> [ASSIGNMENT] The answer must reproduce exactly the lines from the one with "Malvern 2 Seater" through the end of the material, and it must contain no pictures.

> [PROVIDED DATA]
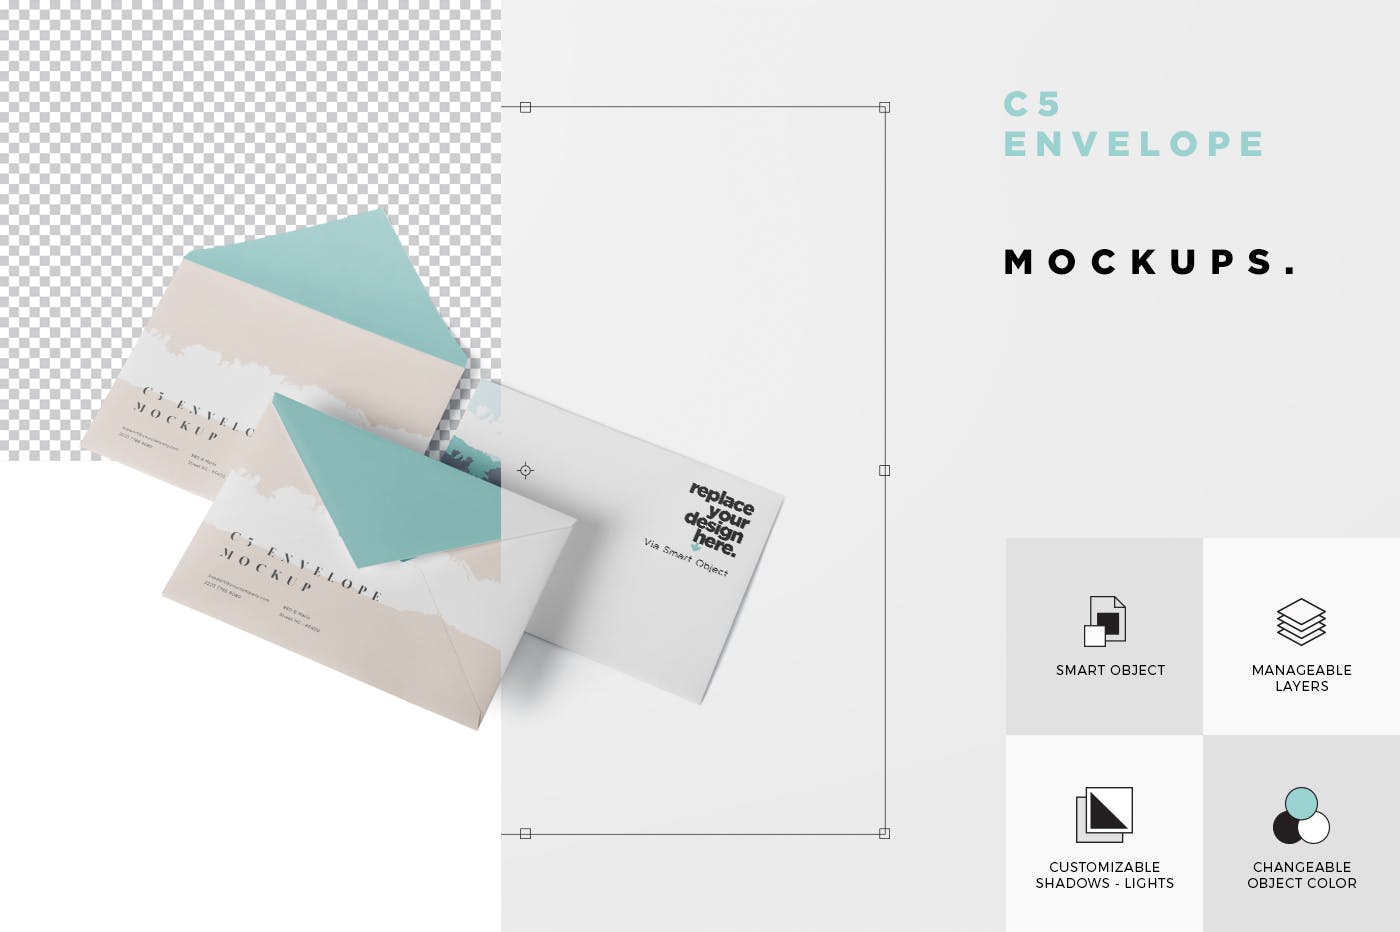 C5规格企业信封设计效果图素材库精选 Envelope C5 Mock-Up Set插图(5)
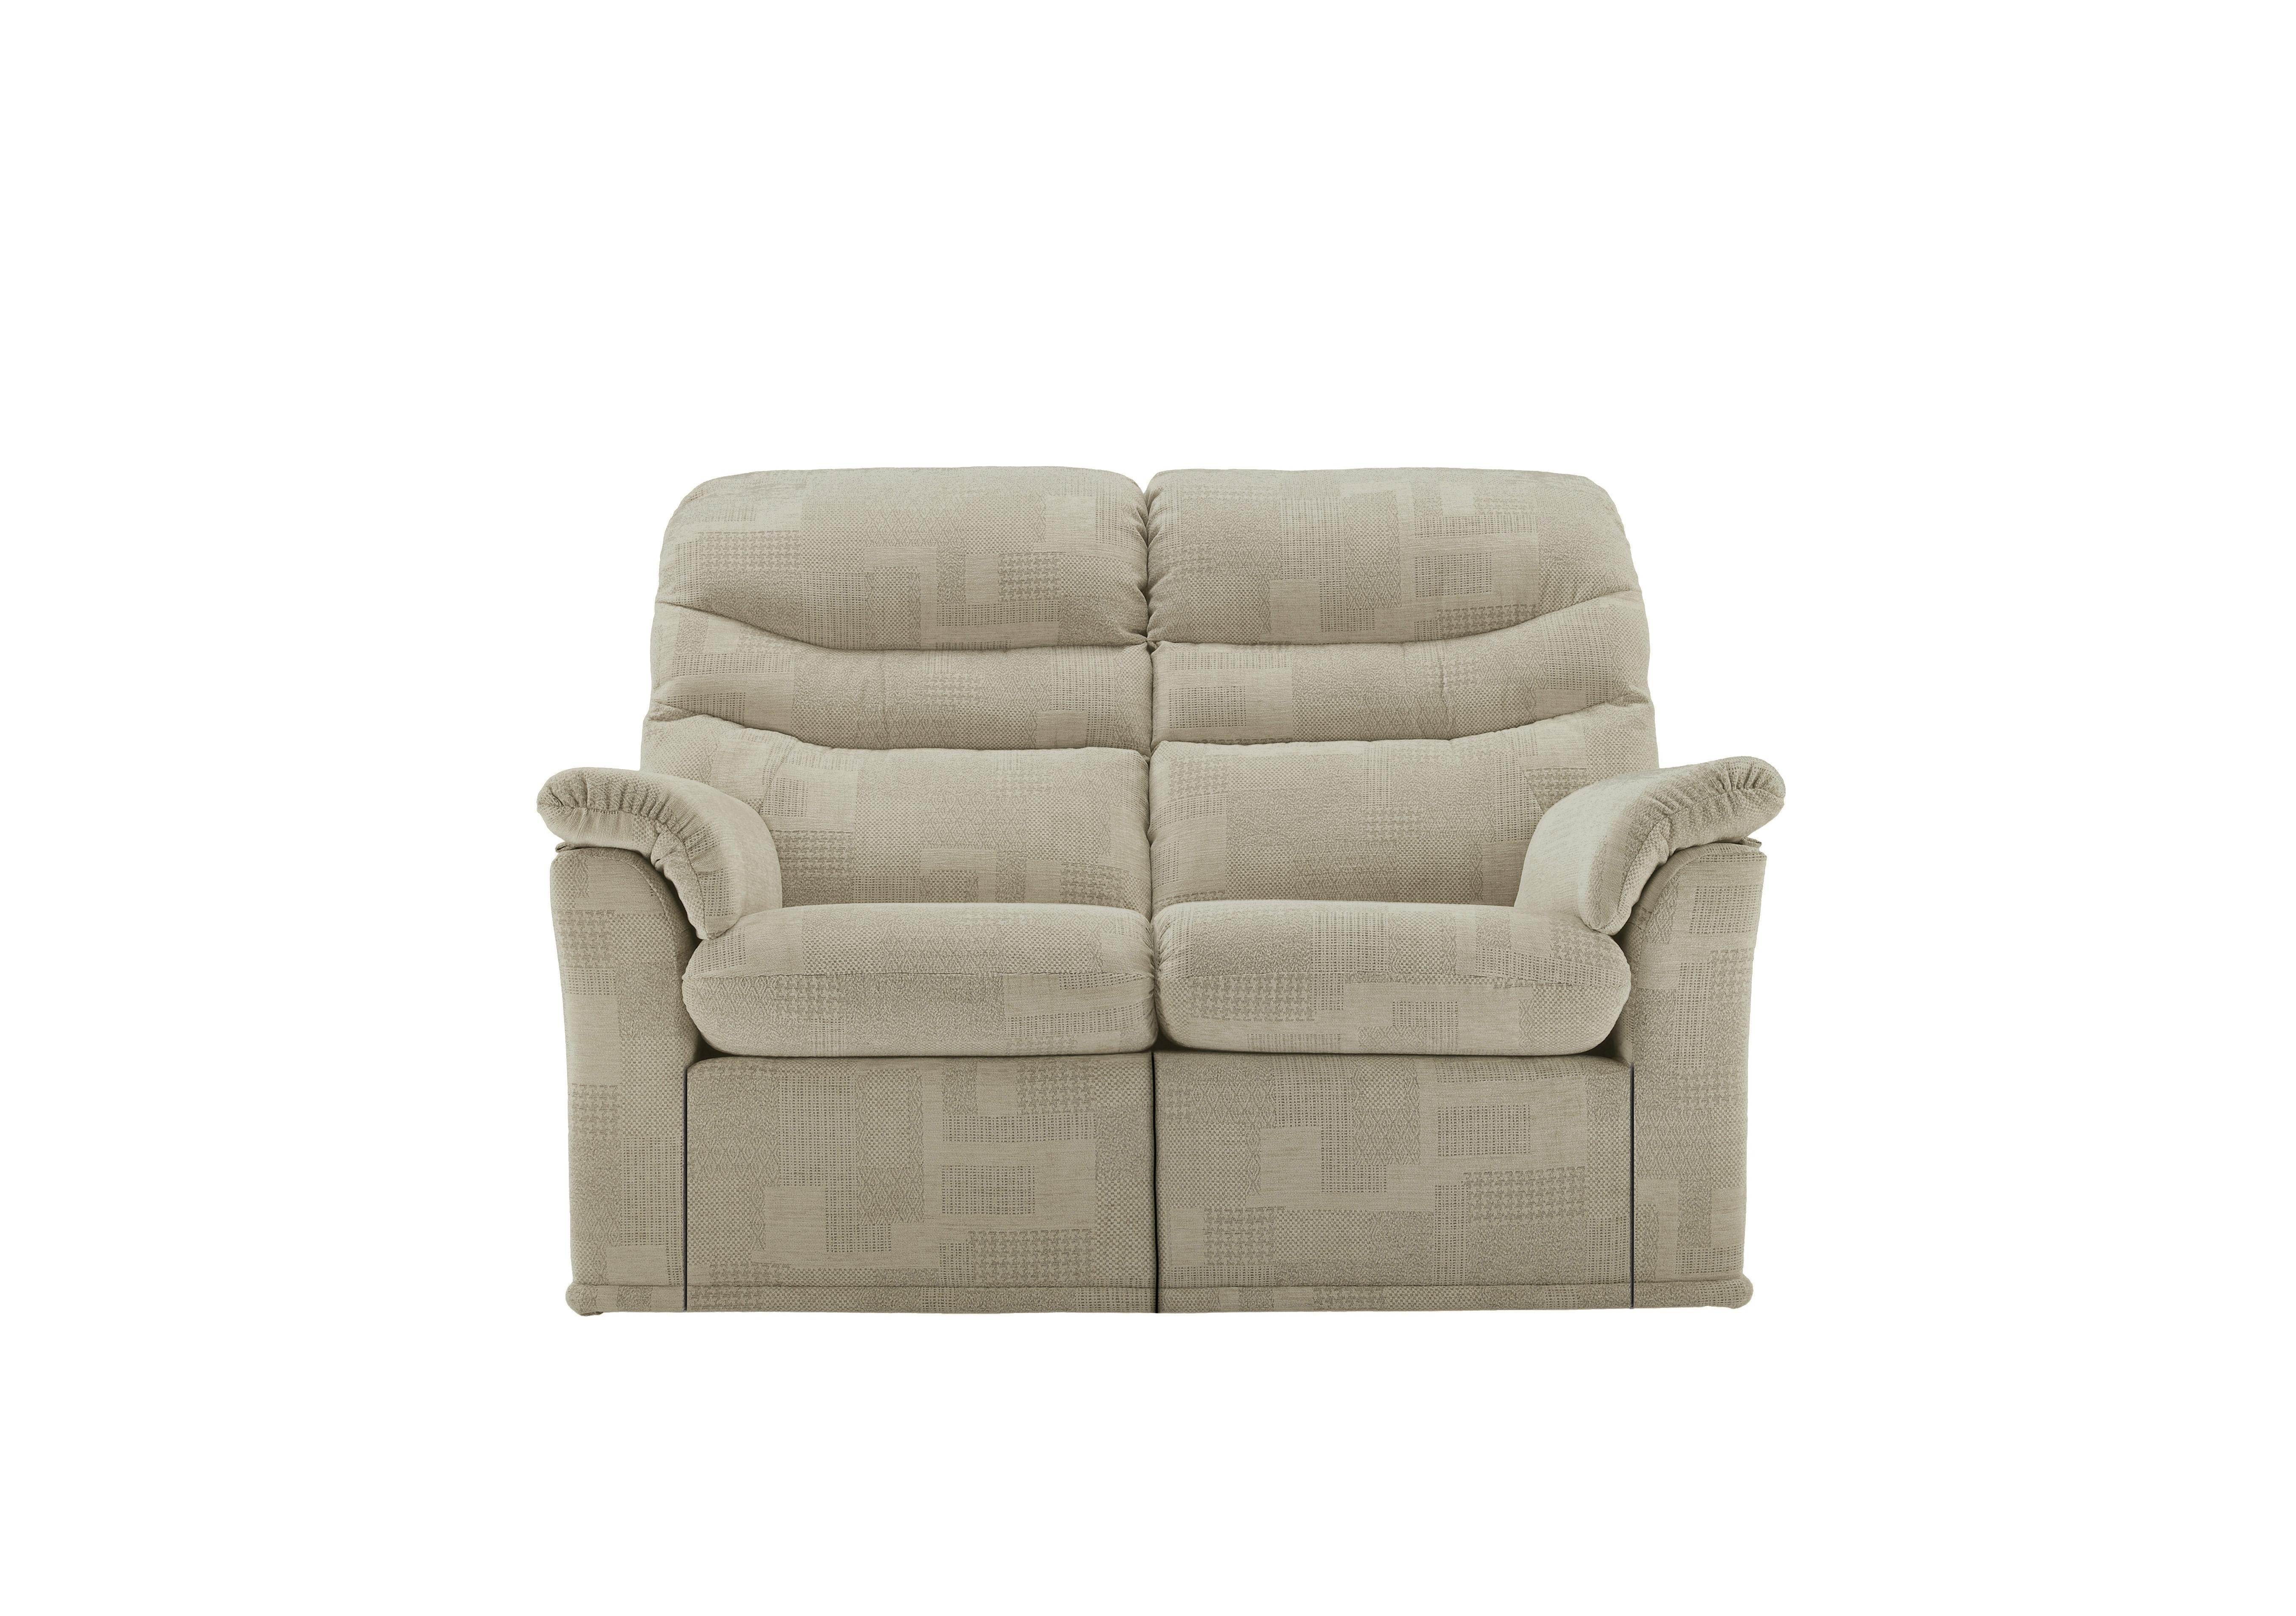 Malvern 2 Seater Fabric Sofa in B430 Lydia Multi on Furniture Village
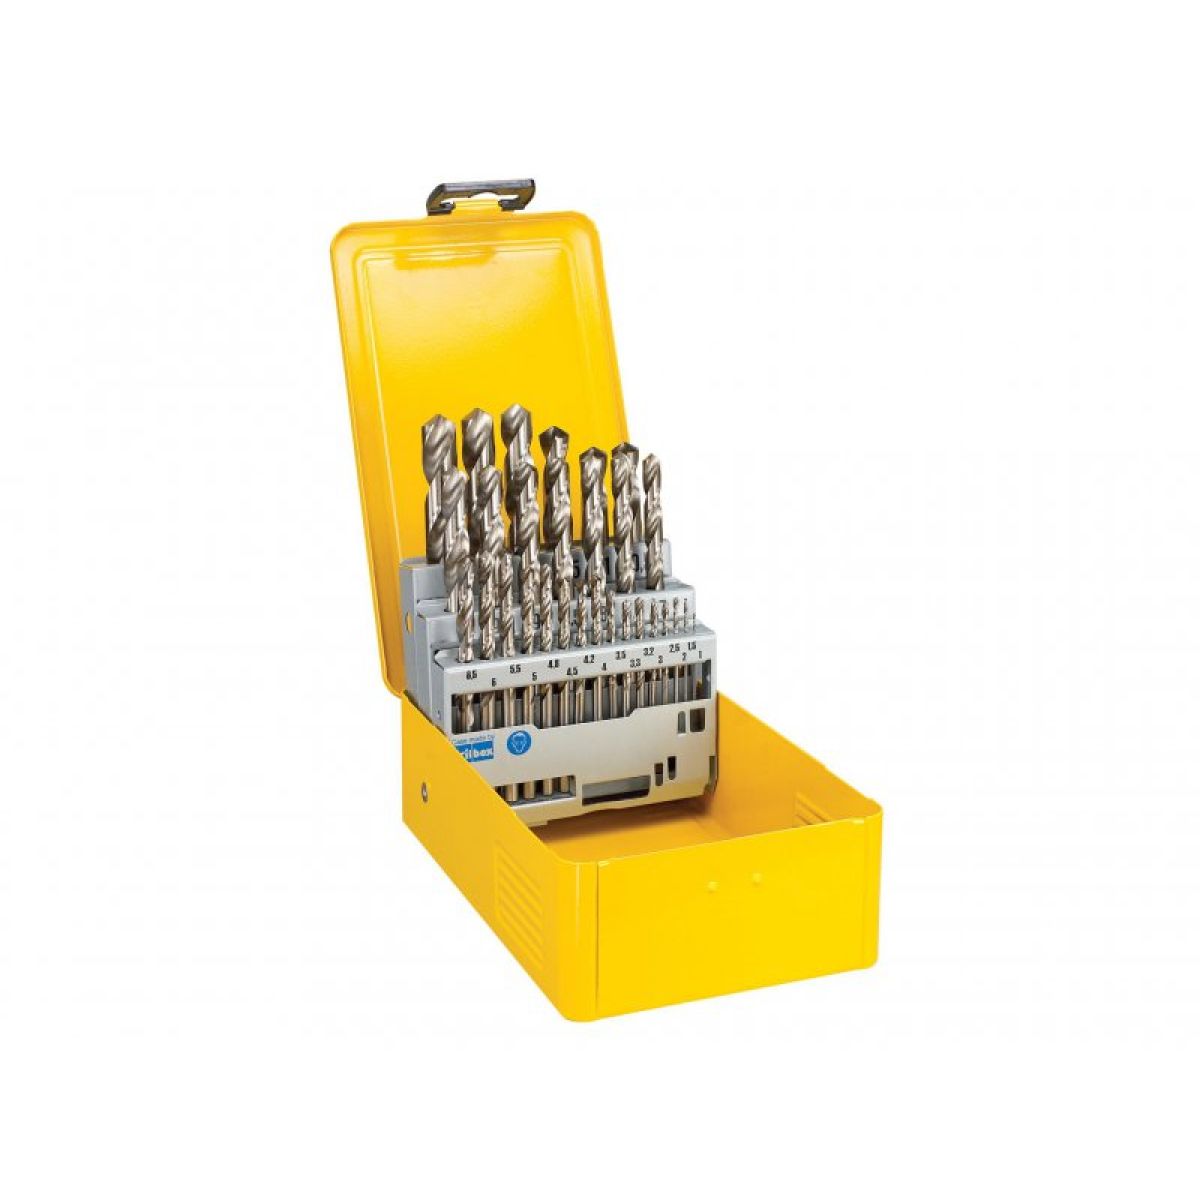 Dewalt Dcd730 Cordless Drill (Type Spare Parts | Tools Parts Direct

> [YOUR SOLUTION]
 Malvern 2 Seater Fabric Sofa in B430 Lydia Multi on Furniture Village
 Dewalt Dcd730 Cordless Drill (Type Spare Parts | Tools Parts Direct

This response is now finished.